Is that all I need to do before loading it in the jnano?
If my model was successfully converted into a TensorRT inference graph does that mean I should be able to run it on jnano without any issues?
To load and infer using the model on jnano do I just boot jnano, open a jupyter notebook, start a session, load the graph and run it?
If I have unsupported layers in my model at what point am I notified about it–when creating the inference graph or only when running the inference on jnano?
If I do have unsupported layers is there a way to split execution between Nvidia gpu and the ARM processor?
Using TensorRT acceleration is recommended but not mandatory.
You can inference your model directly with the TensorFlow framework on Nano. It is almost identical to the desktop version.

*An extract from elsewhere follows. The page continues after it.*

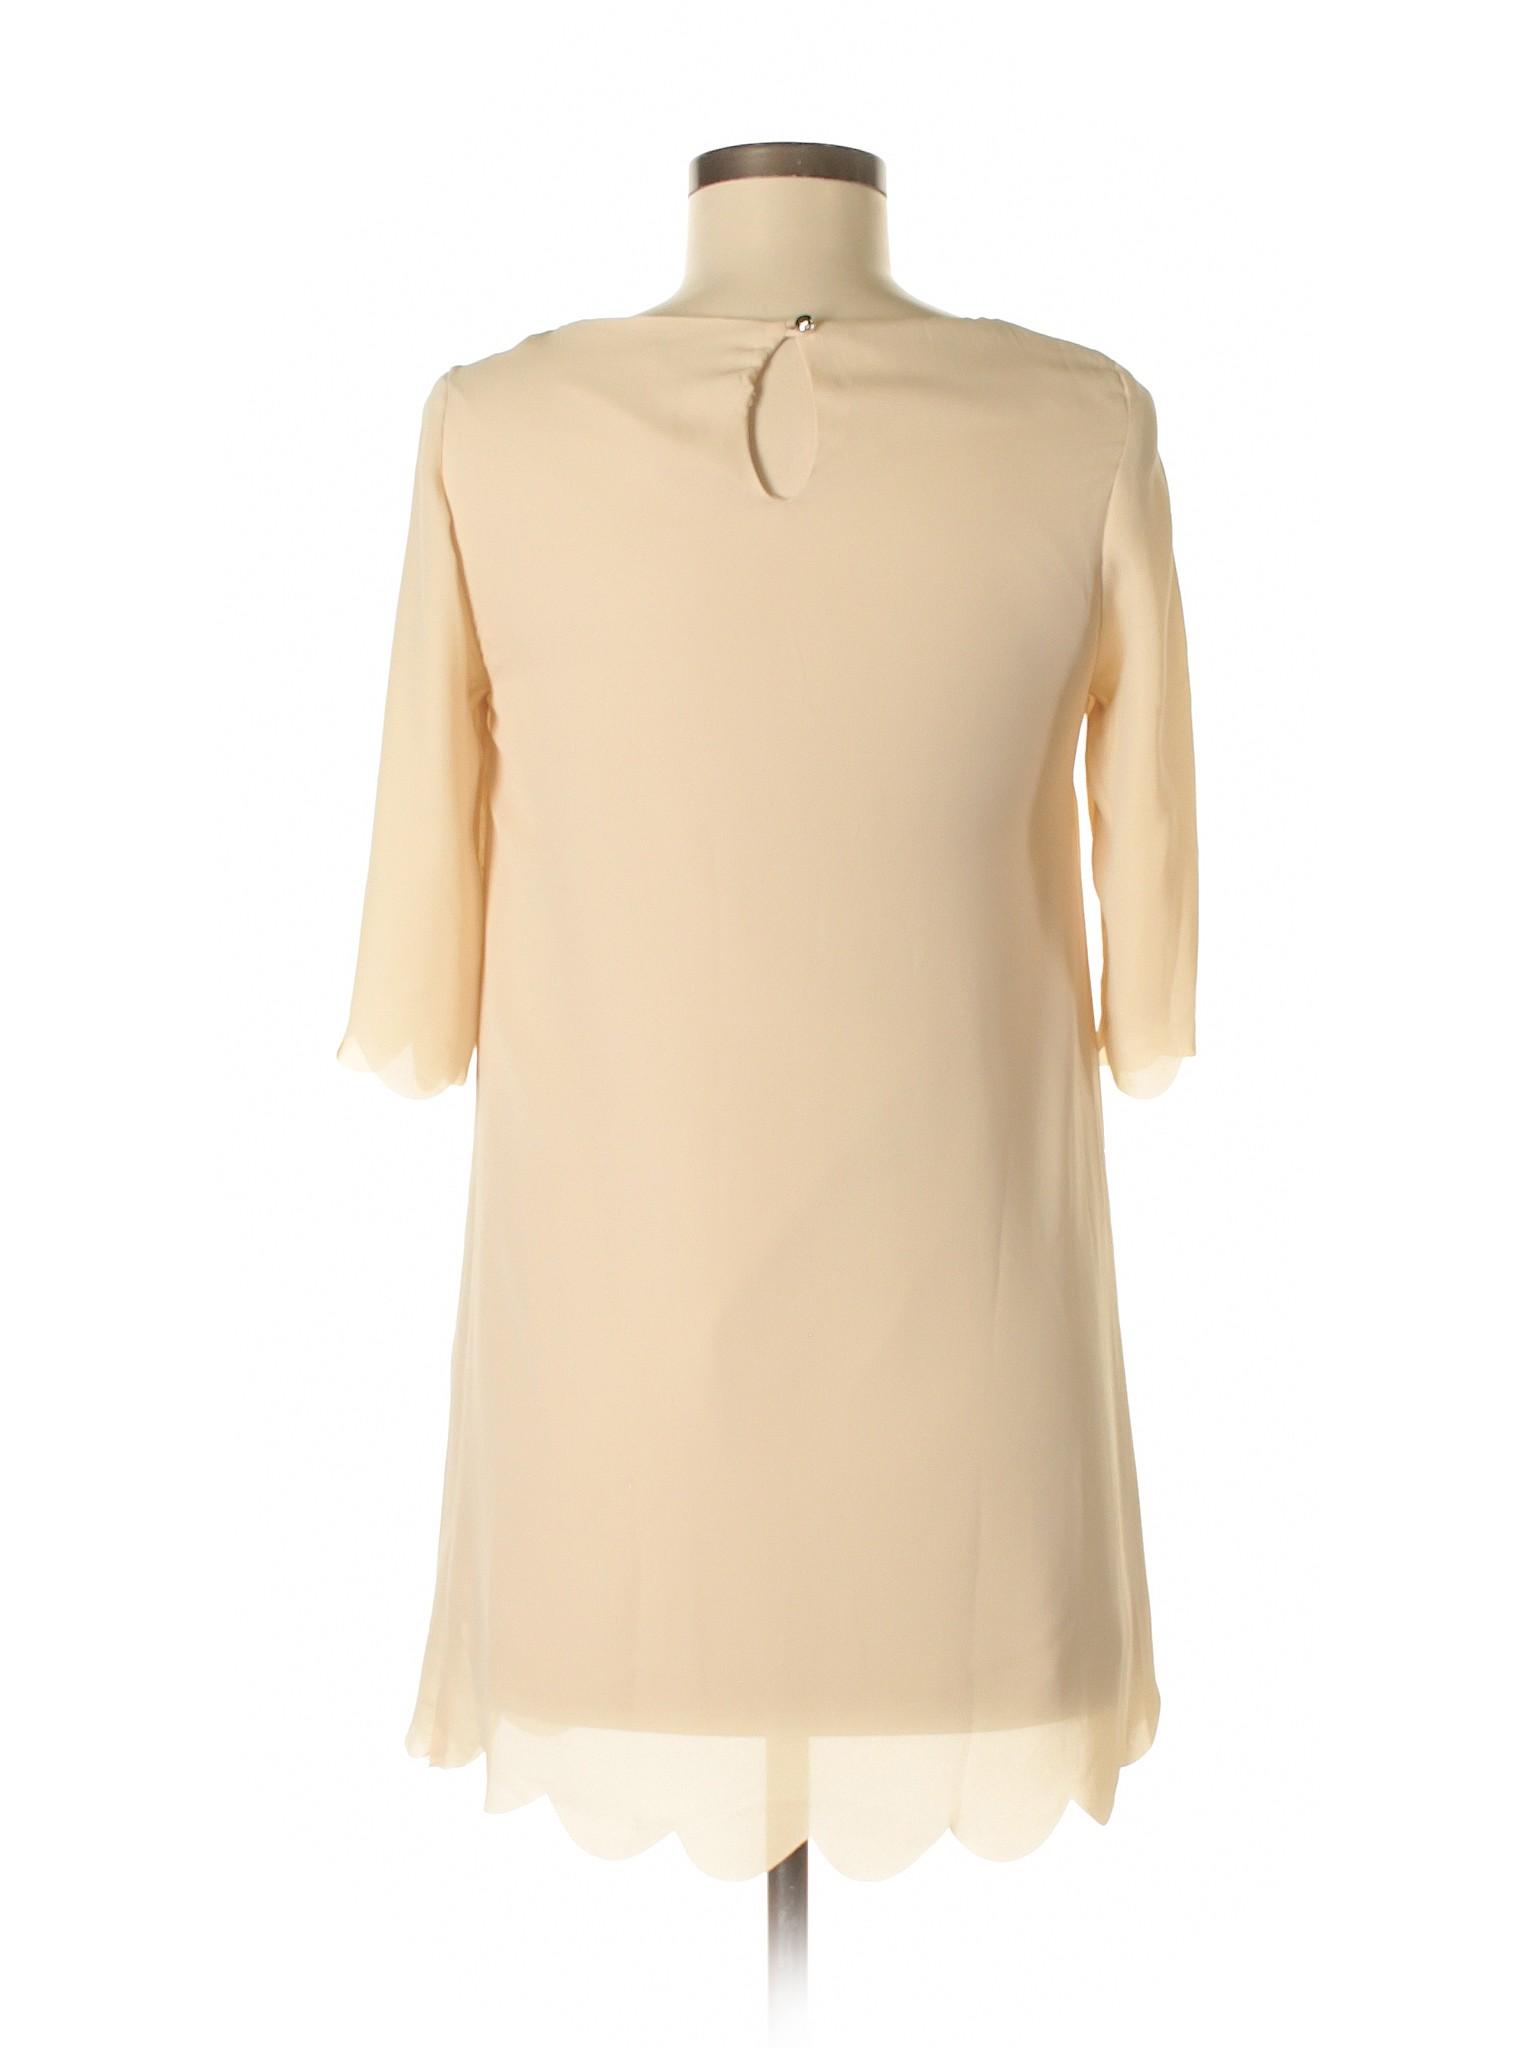 Dress Casual Dress Selling Casual Selling TOBI Selling TOBI TOBI Casual EEwqzxHr

Here are some docker image with TensorFlow pre-installed for your reference:
TF-TRT will automatically convert your model into TensorRT and fallback the non-supported layer to TensorFlow implementation.

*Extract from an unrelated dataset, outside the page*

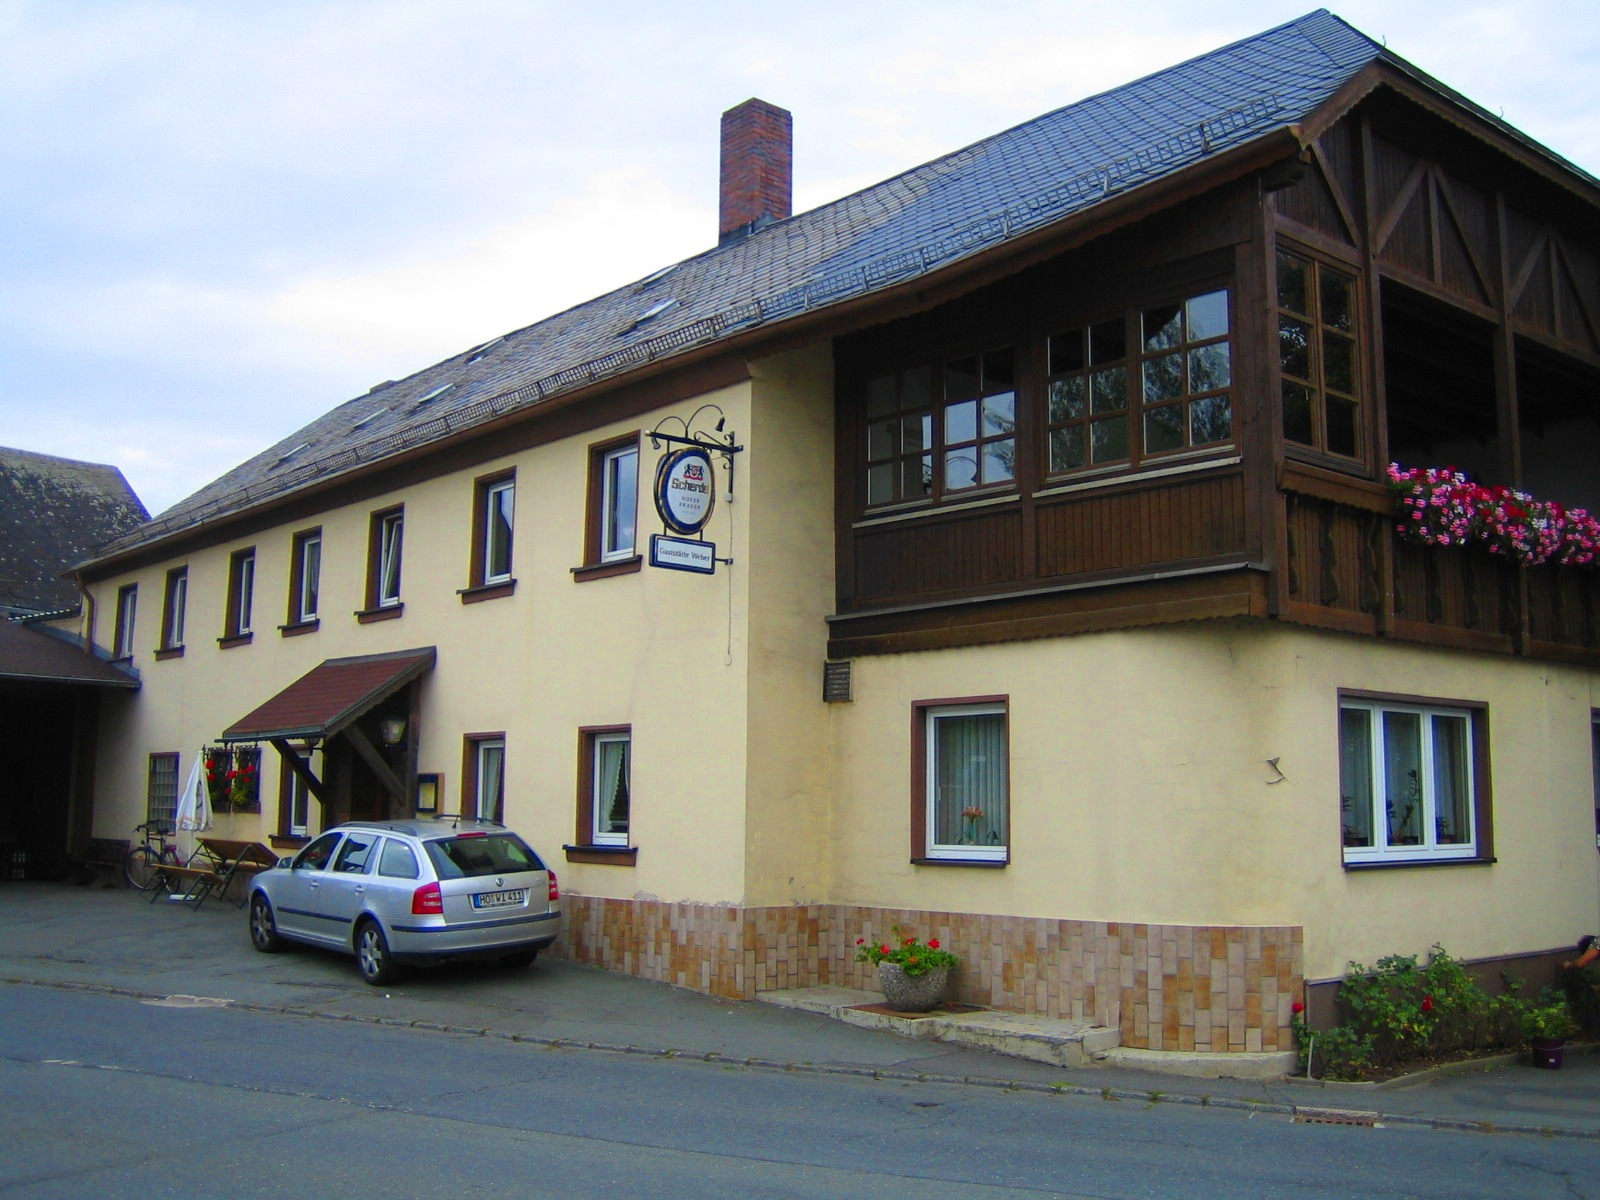 Gaststätte Weber in Leupoldsgrün

So you will always get a runable graph but the ratio for TensorRT acceleration will be different due to model architecture.

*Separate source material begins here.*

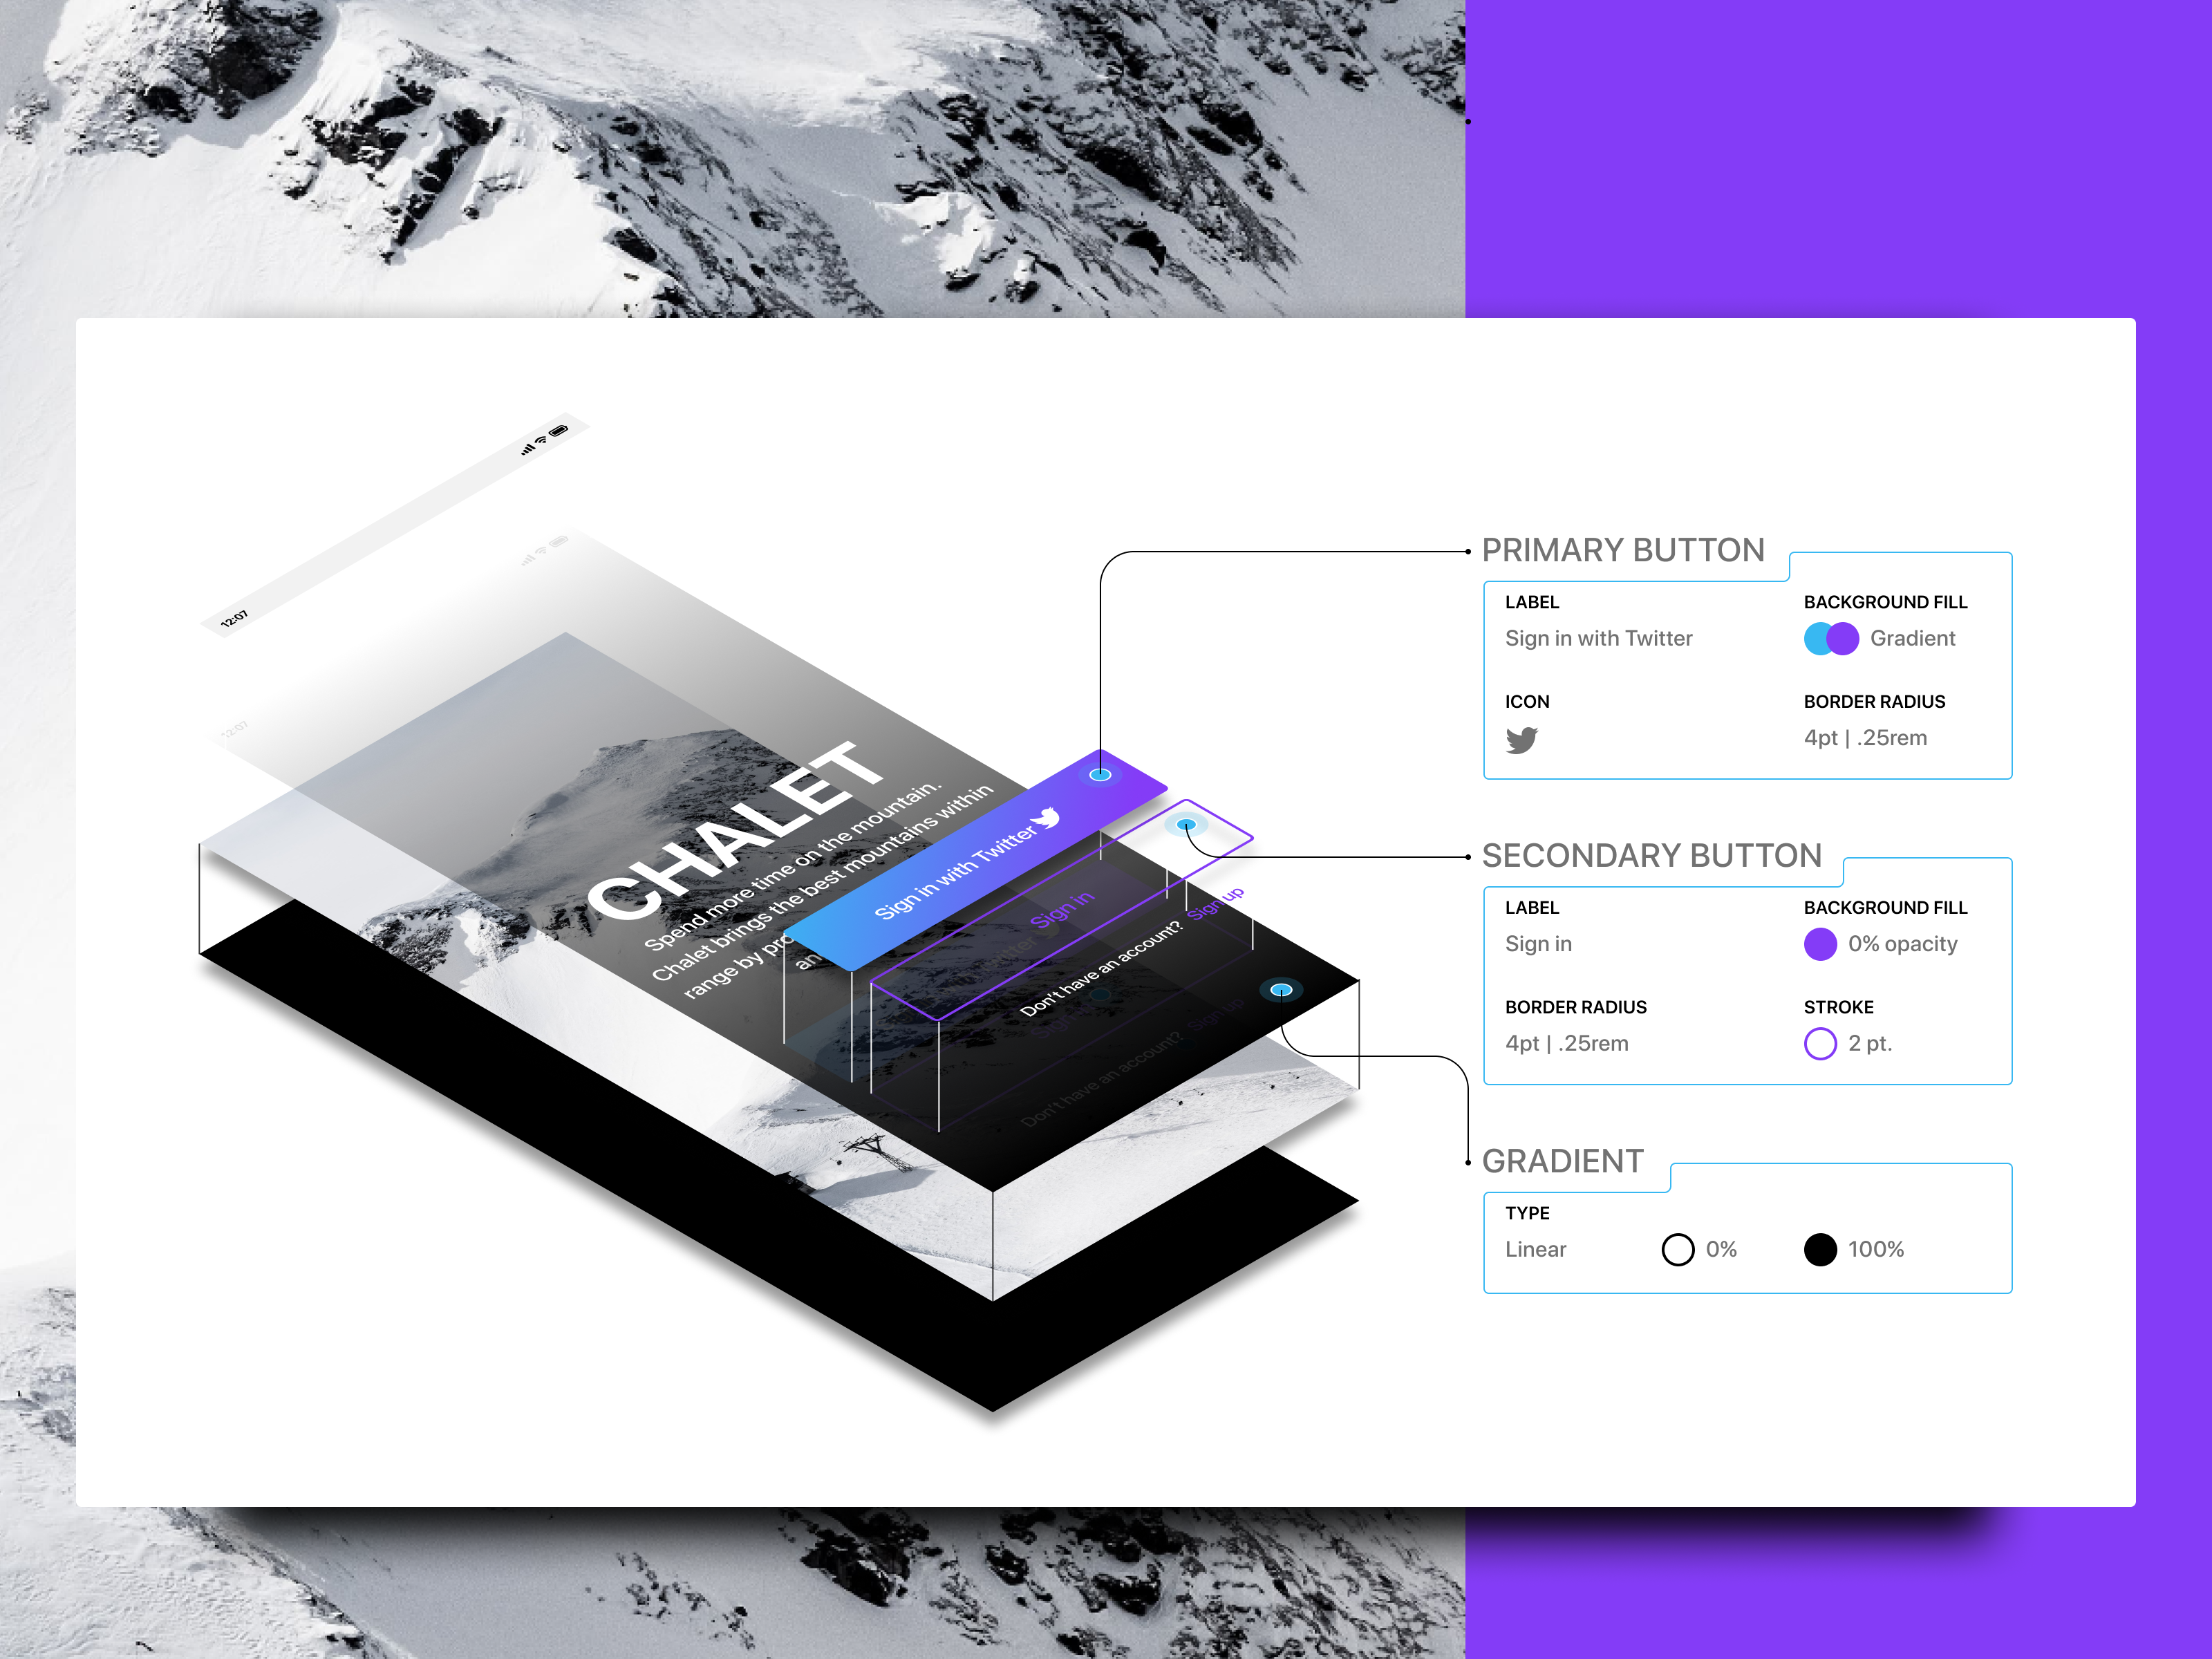 Chalet deconstruct 2x #ios #mobile #design #webdesign #ui

The only limitation is the memory size.
Nano only has 4G memory and needs to be shared with the operating system.
So it won’t be able to inference a large or complicated model.
Below are some workable model and benchmark result for your reference:
Thank you for your response. I have a few follow up questions.
What’s different between the supported and unsupported layers handling. Are supported layers optimized for execution on the GPU? How exactly are unsupported layers executed - on the ARM processor?
Is there a way to estimate the memory requirement for my model? How much RAM does the official OS consume? My model is just under 3MB in size so I’m guessing the Nano won’t have much trouble handling that.
Is there a way to estimate the power a model will need to run? I’m trying to decide if the 2GB version’s 5V-3A is enough or if I’ll need the 4GB version’s 5V-4A.
1
You can find the support matrix of TensorRT below:
For TF-TRT, non-supported layer is handled by the TensorFlow GPU implementation.
For pure TensorRT, you will need to write the non-supported layer as plugin.
2
It’s recommended to monitor the required memory on a desktop environment first.
Sometimes the model size cannot really reflect the required memory.
3
For TensorRT user, it’s recommended to use 4GB Nano.
Since it takes at least 600Mb to load the required library, 2GB version will limit you to a much smaller DNN model.
When you say it takes at least 600 MB to load the required library , do you mean that’s what the OS takes? If you do have a Jetson nano is it possible for you to check the RAM the OS occupies?